Data block:
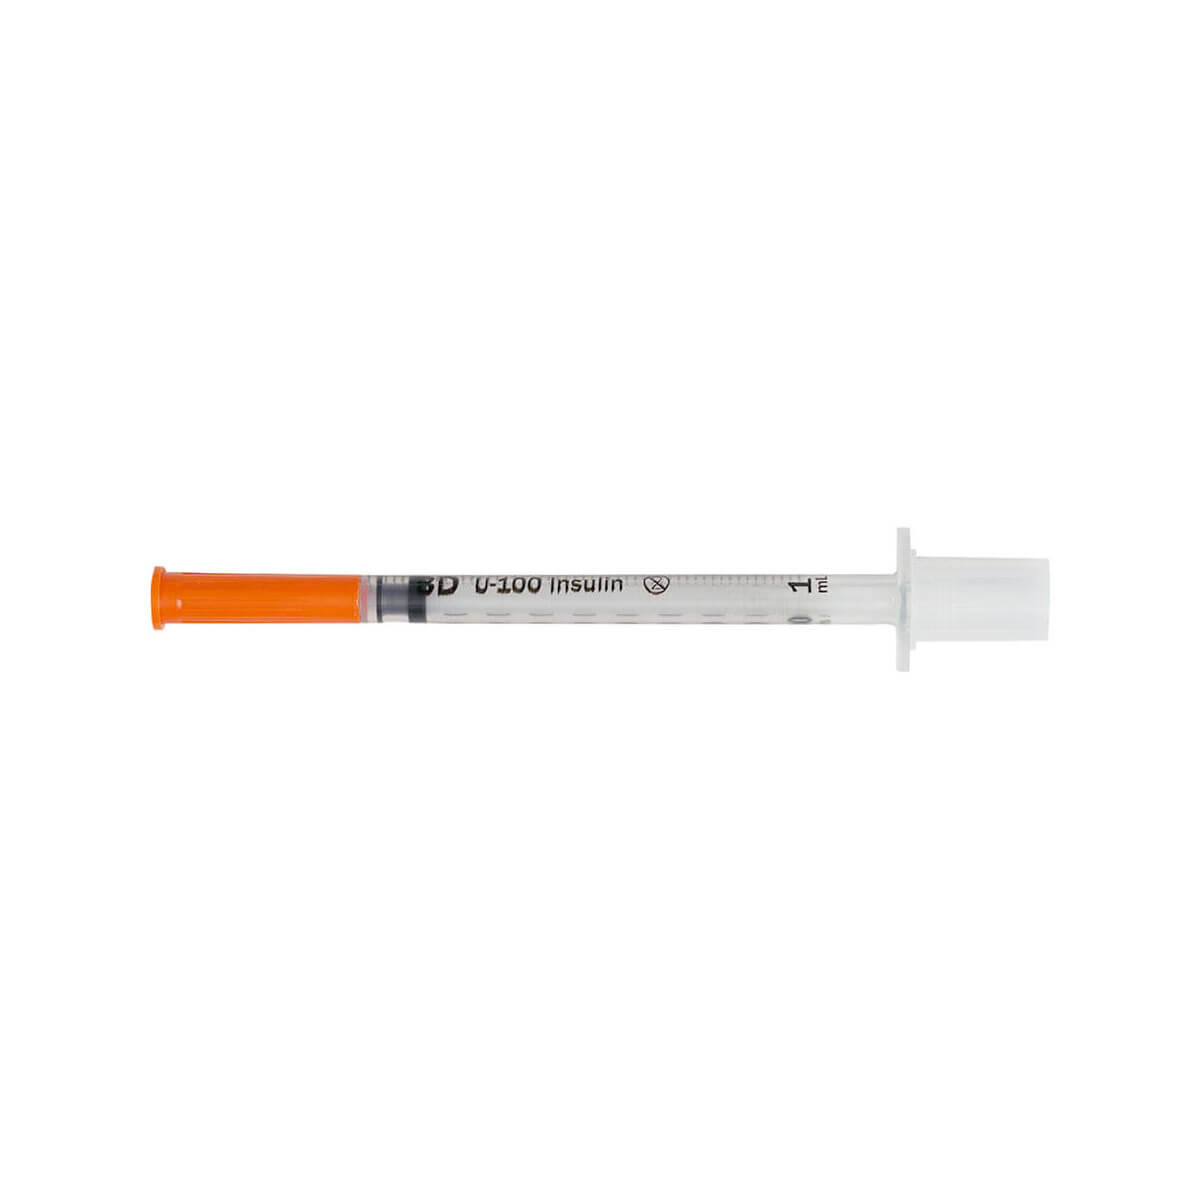 BD Microfine Insulin Syringe U-100 1ML 12,7MM 29G
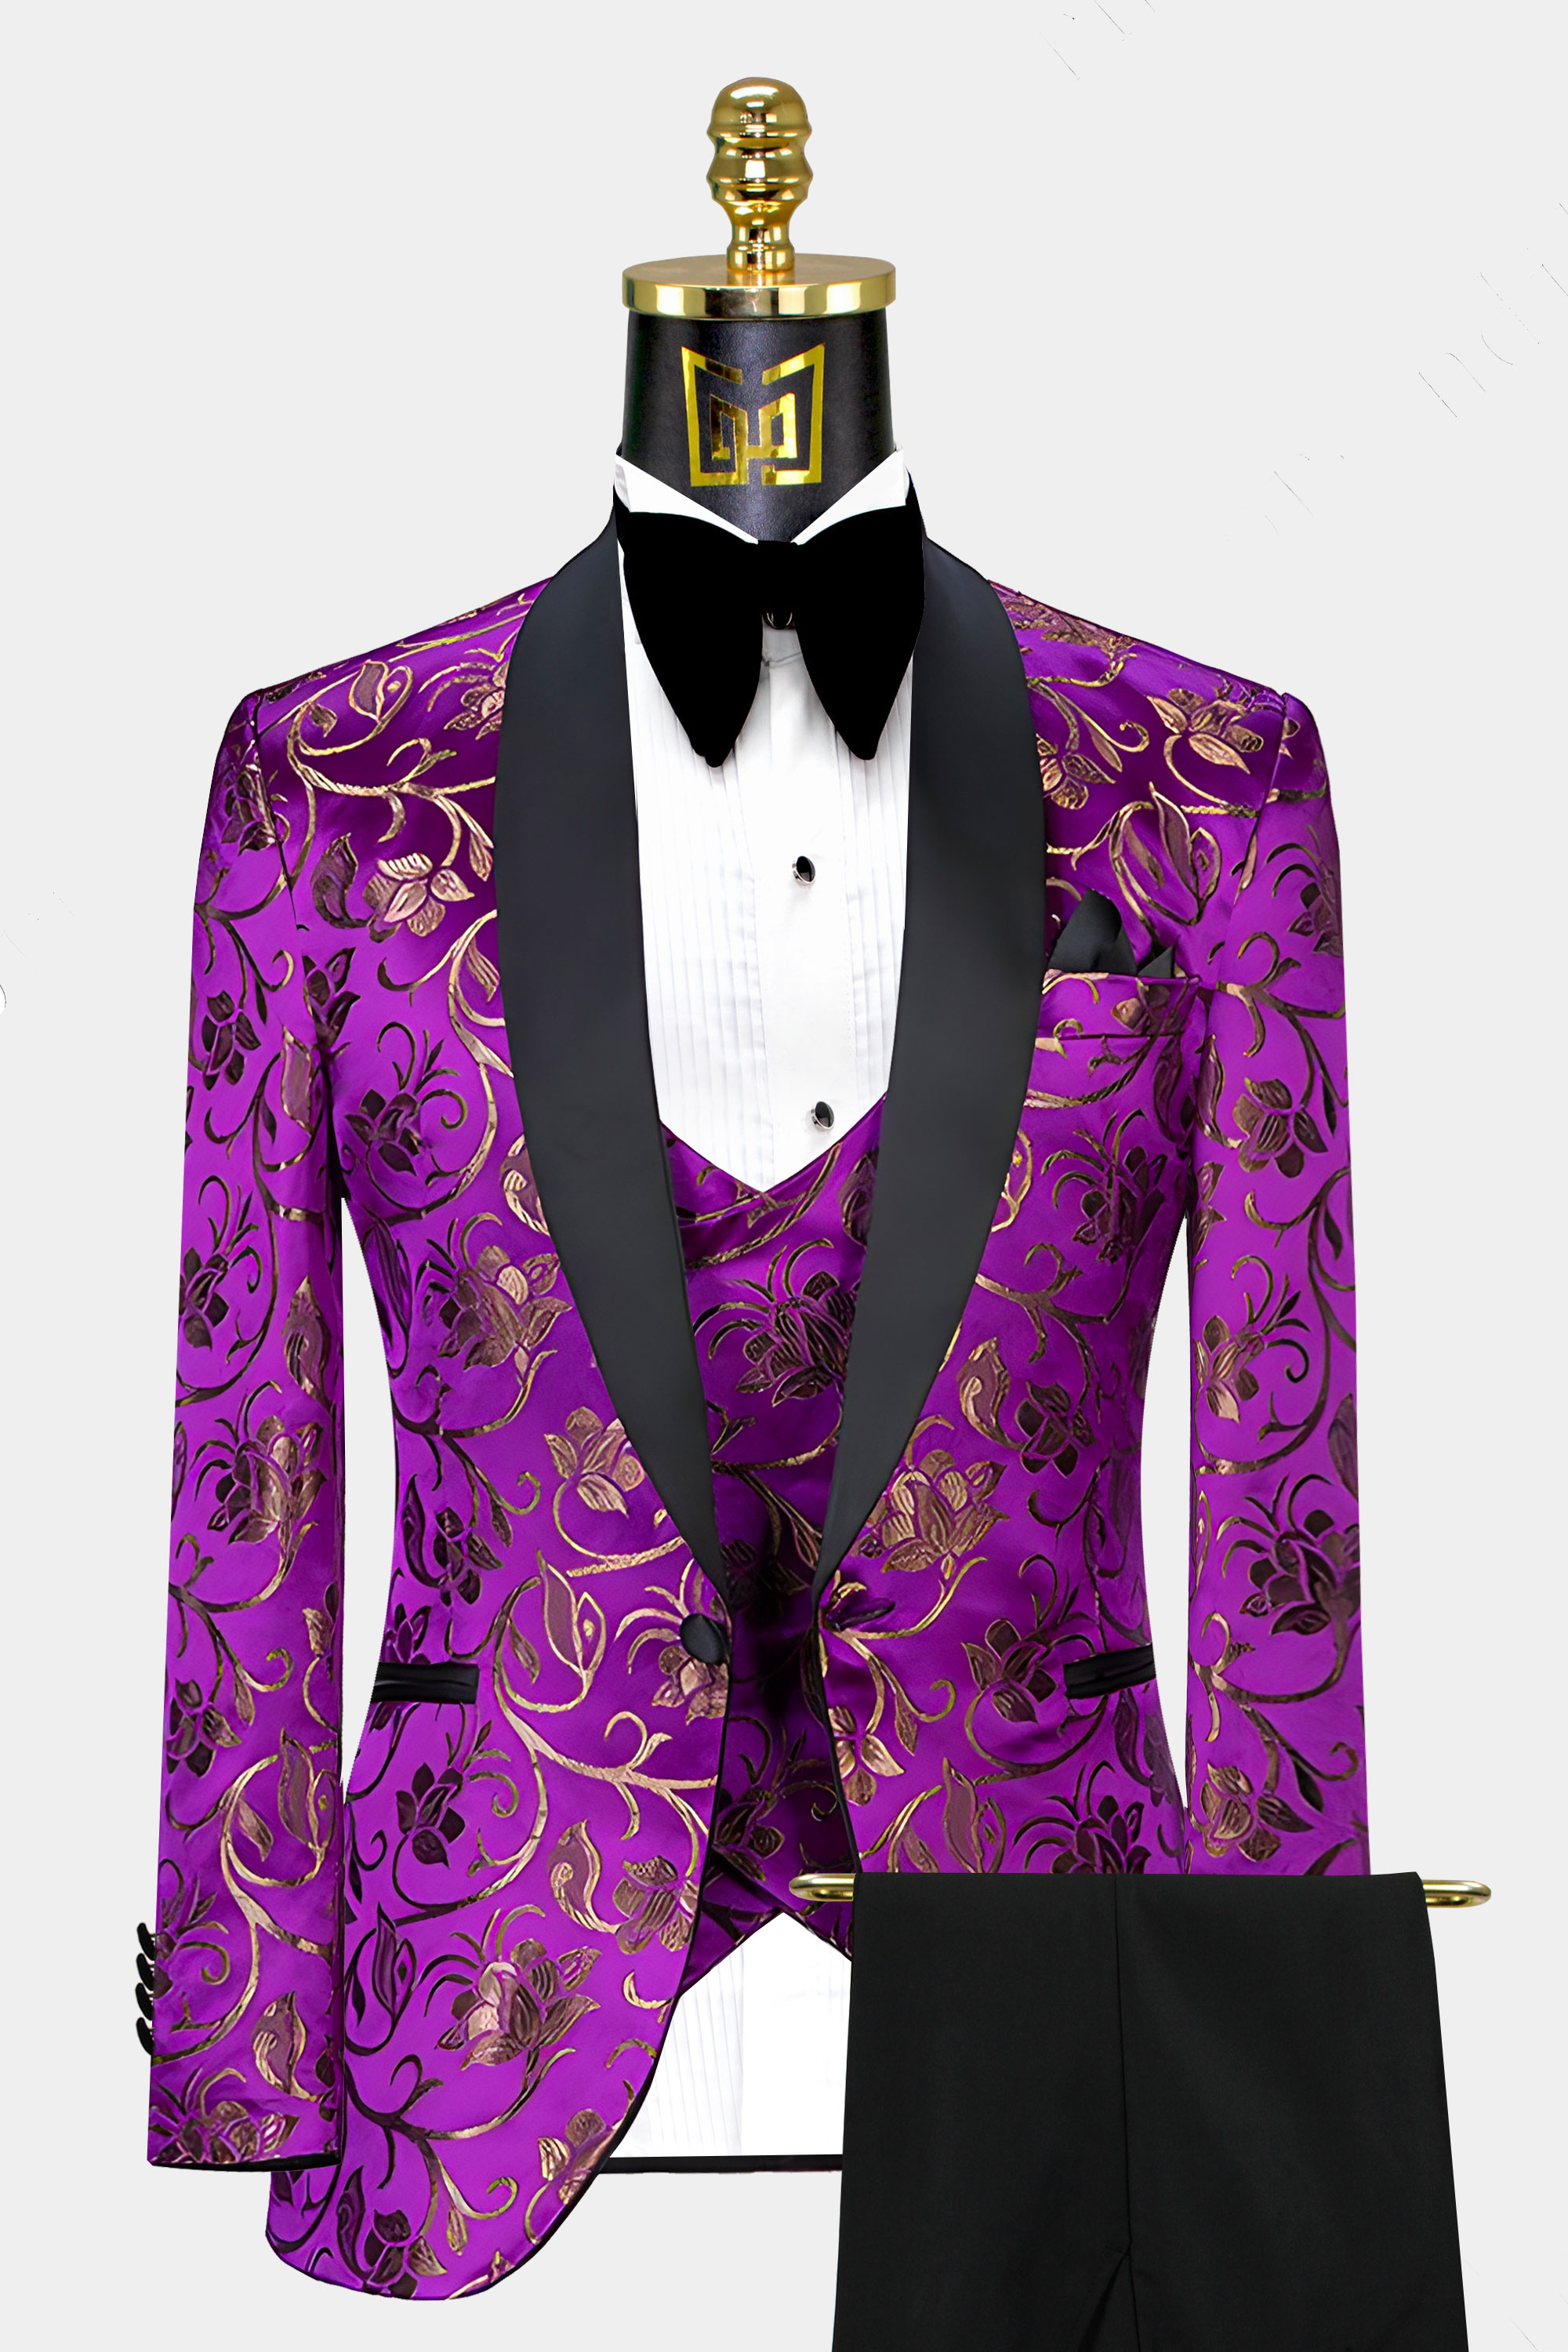 Purple-and-Gold-Groom-Wedding-Suit-Prom-Tuxedo-from-Gentlemansguru.com
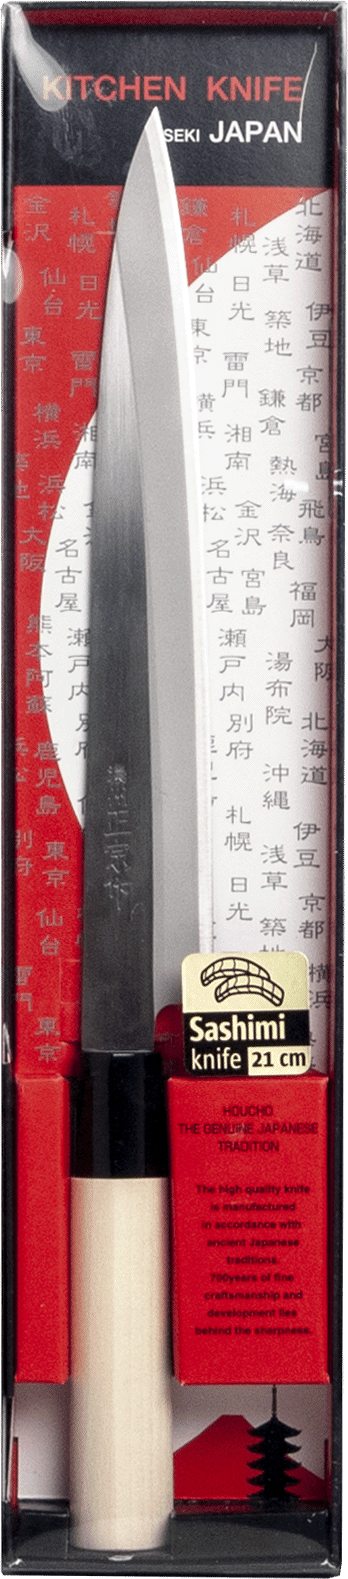 Gyuto knife Japanese knife, Satake 1

Work task:
A word-for-word copy of the listing is needed, with no pictures in it.

Answer to this problem:
 BD Microfine Insulin Syringe U-100 1ML 12,7MM 29G
 Purple-and-Gold-Groom-Wedding-Suit-Prom-Tuxedo-from-Gentlemansguru.com
 Gyuto knife Japanese knife, Satake 1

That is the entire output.